» PROBLEM DESCRIPTION:
Repeat the listing below exactly. Pictures do not belong in the copy.

» DATASET CONTENT:
= = =
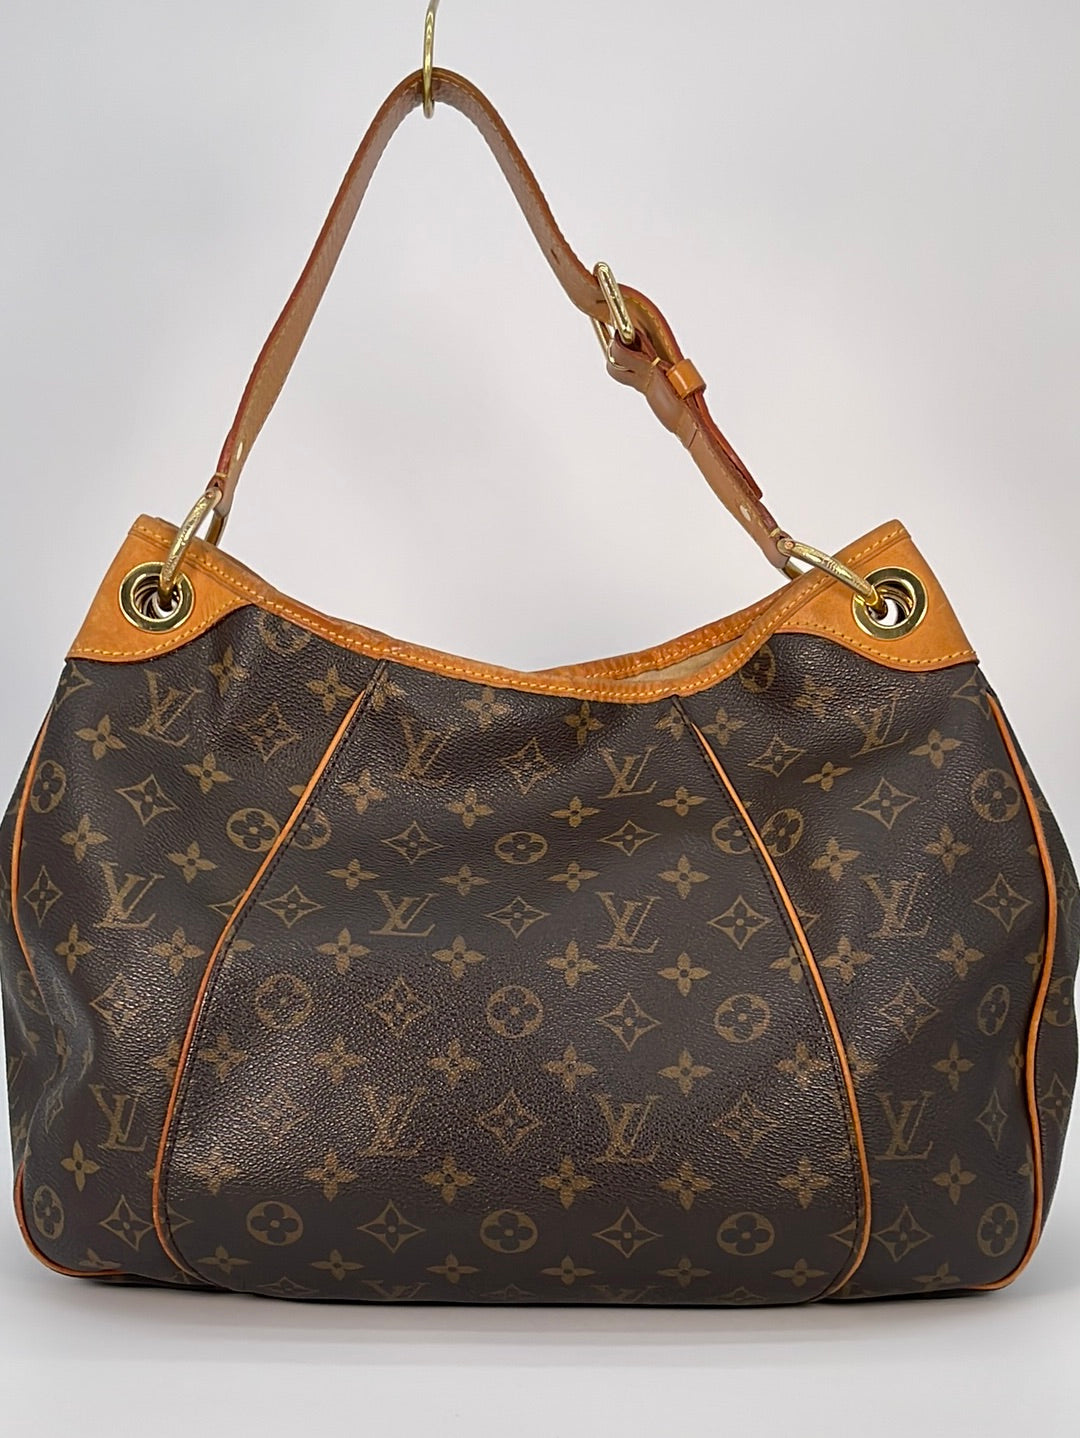 Preloved Louis Vuitton Monogram Canvas Nouvelle Vague Handbag FO0122 051123 Off
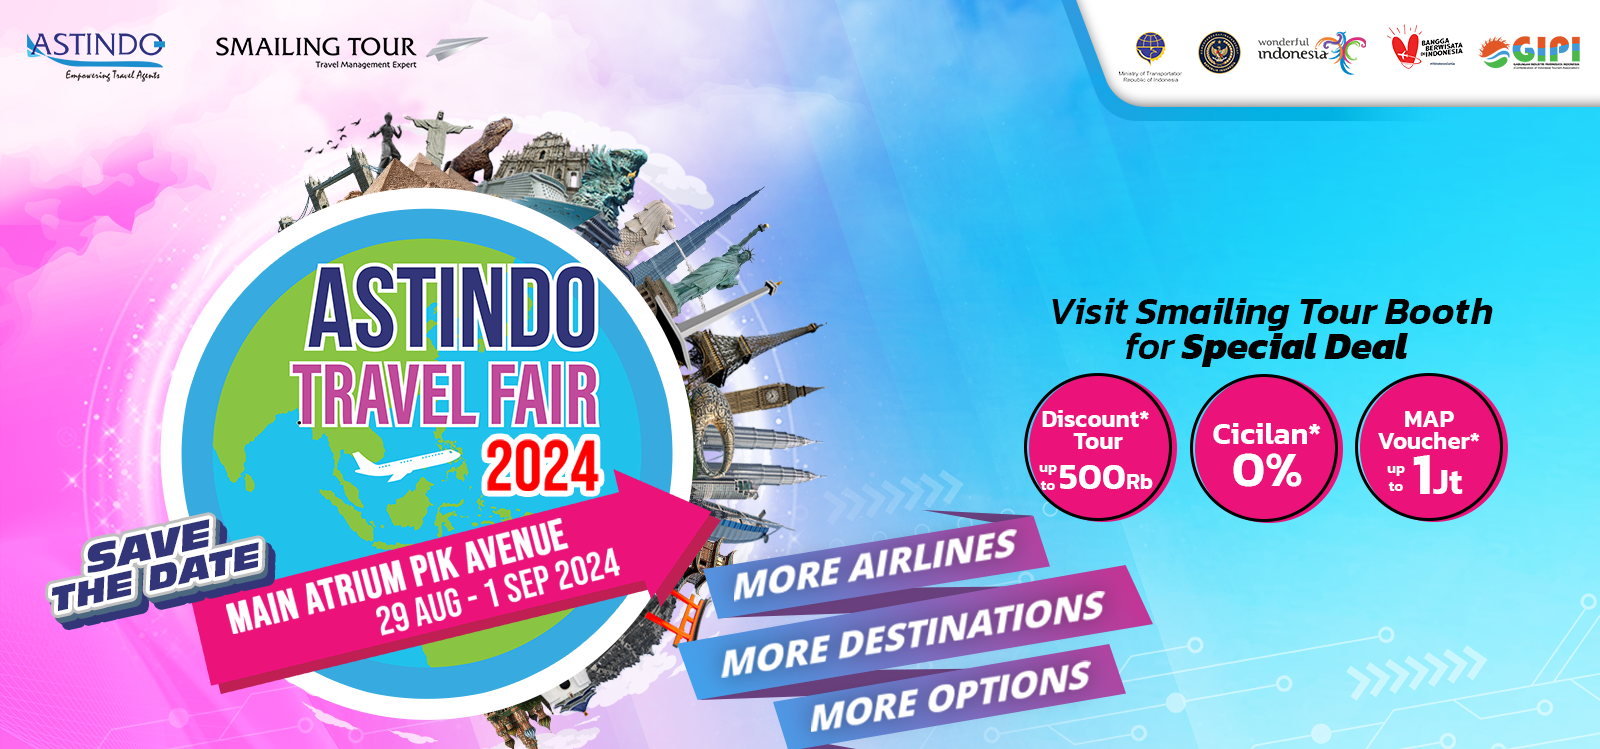 Astindo Travel Fair Aug 2024
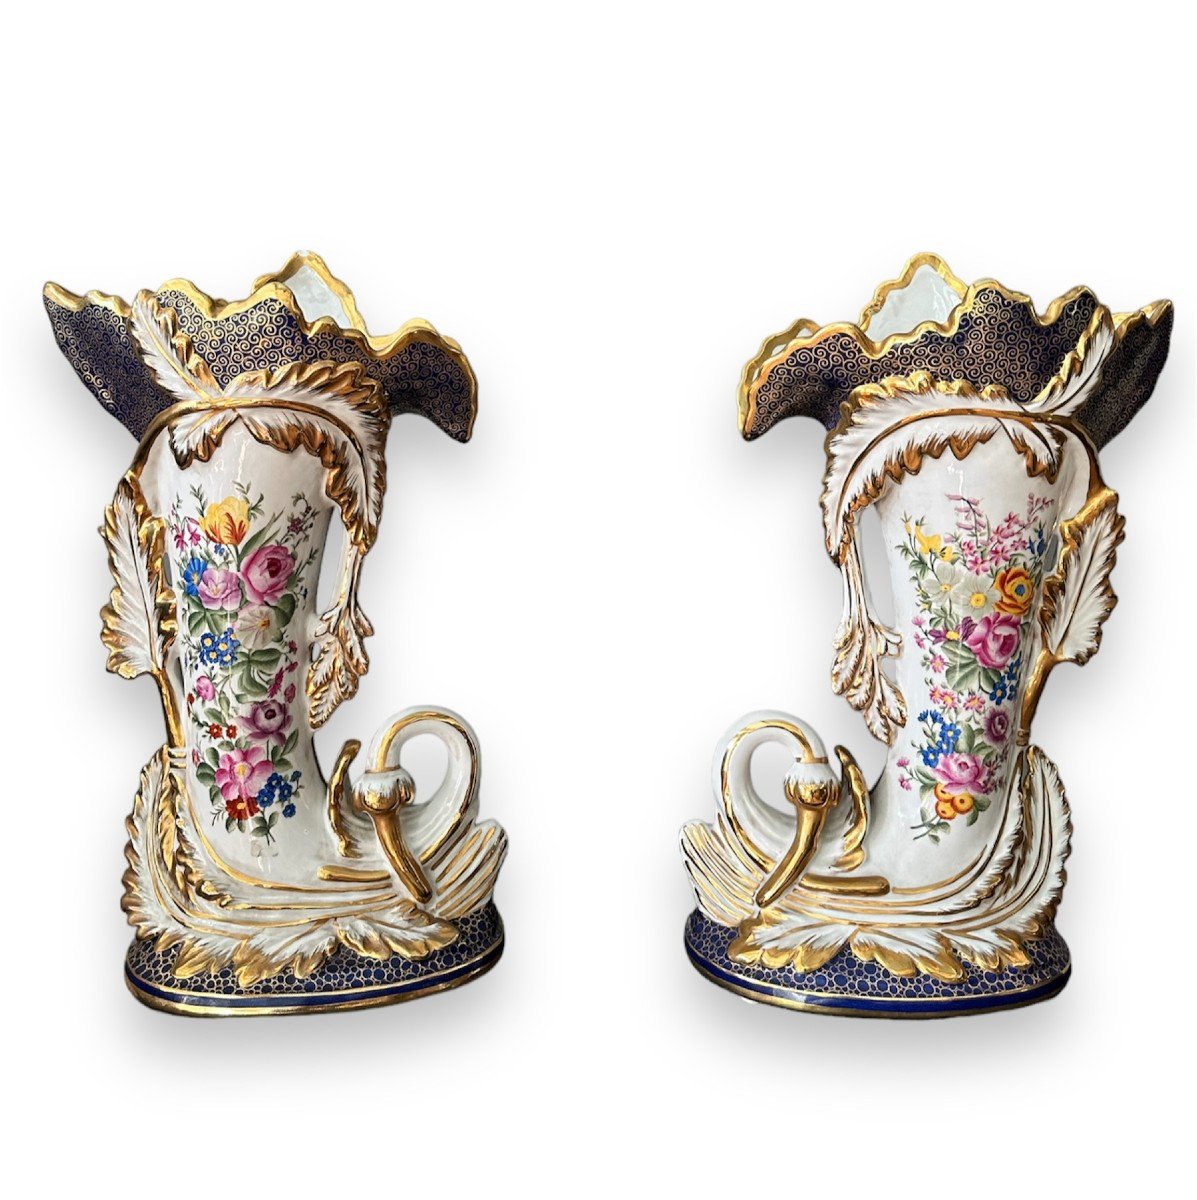 20th Century, Pair Of Porcelain Vases With Cornucopia
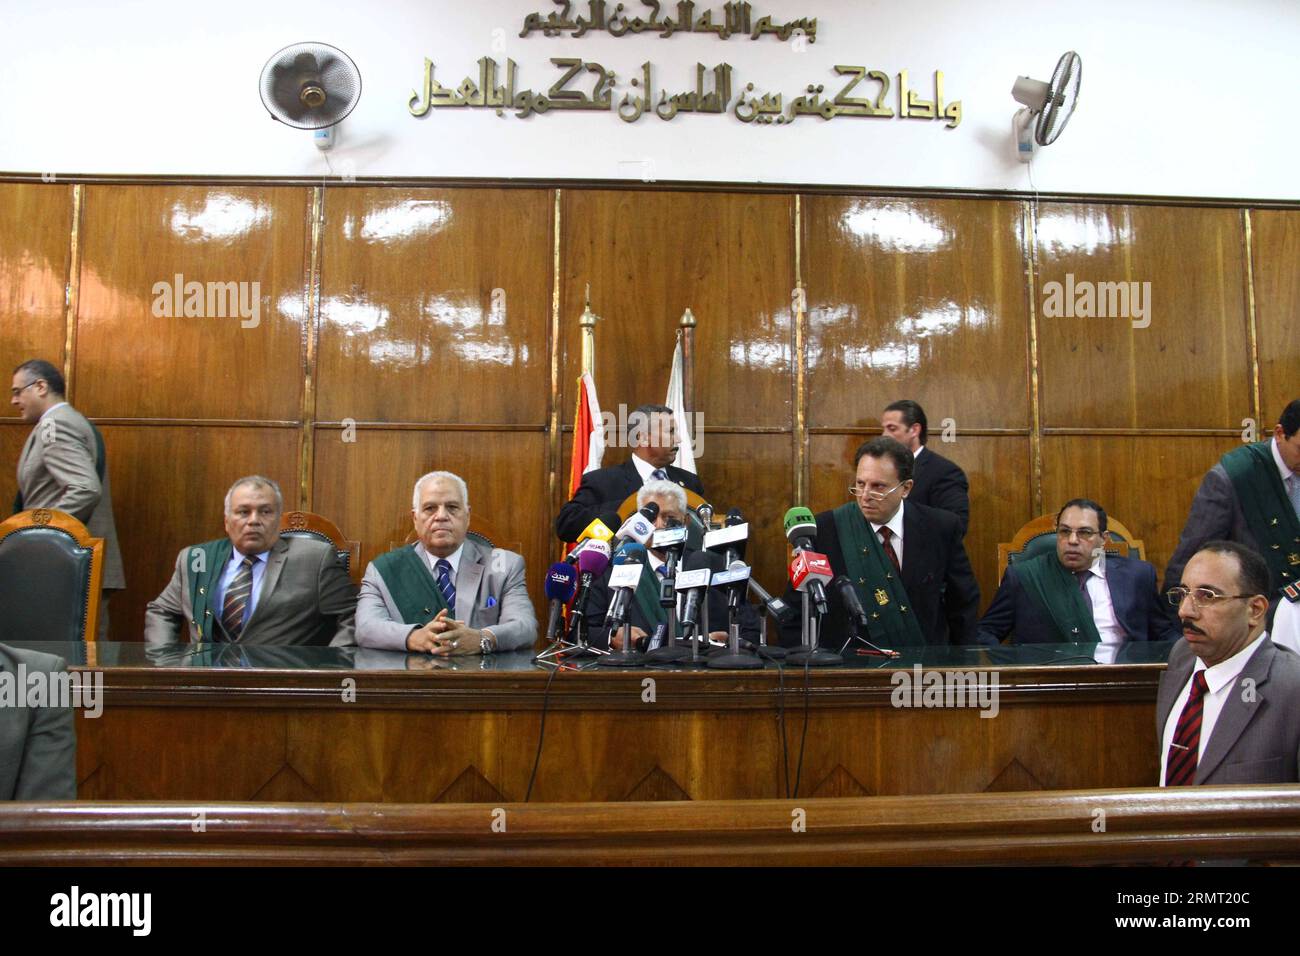 CAIRO, 9 agosto 2014 -- Una conferenza stampa si terrà presso un tribunale egiziano al Cairo, Egitto, il 9 agosto 2014. Un tribunale egiziano ha deciso sabato di sciogliere il Partito per la libertà e la giustizia (FJP), l'ala politica dei Fratelli musulmani, e di liquidare tutti i suoi beni, secondo l'Ahram gestito dallo Stato online. ) (Djj) EGYPT-CAIRO-FJP-DISSOLUZIONE AhmedxGomaa PUBLICATIONxNOTxINxCHN Cairo 9 agosto 2014 una conferenza stampa sta per diventare eroe PRESSO la Corte egiziana del Cairo Egitto IL 9 agosto 2014 la Corte egiziana ha deciso sabato di sciogliere il Partito per la libertà e la giustizia dei Fratelli musulmani Foto Stock
= = =
» ANSWER FOR THE TASK:
 Preloved Louis Vuitton Monogram Canvas Nouvelle Vague Handbag FO0122 051123 Off
 Astindo Travel Fair Aug 2024
 20th Century, Pair Of Porcelain Vases With Cornucopia
 CAIRO, 9 agosto 2014 -- Una conferenza stampa si terrà presso un tribunale egiziano al Cairo, Egitto, il 9 agosto 2014. Un tribunale egiziano ha deciso sabato di sciogliere il Partito per la libertà e la giustizia (FJP), l'ala politica dei Fratelli musulmani, e di liquidare tutti i suoi beni, secondo l'Ahram gestito dallo Stato online. ) (Djj) EGYPT-CAIRO-FJP-DISSOLUZIONE AhmedxGomaa PUBLICATIONxNOTxINxCHN Cairo 9 agosto 2014 una conferenza stampa sta per diventare eroe PRESSO la Corte egiziana del Cairo Egitto IL 9 agosto 2014 la Corte egiziana ha deciso sabato di sciogliere il Partito per la libertà e la giustizia dei Fratelli musulmani Foto Stock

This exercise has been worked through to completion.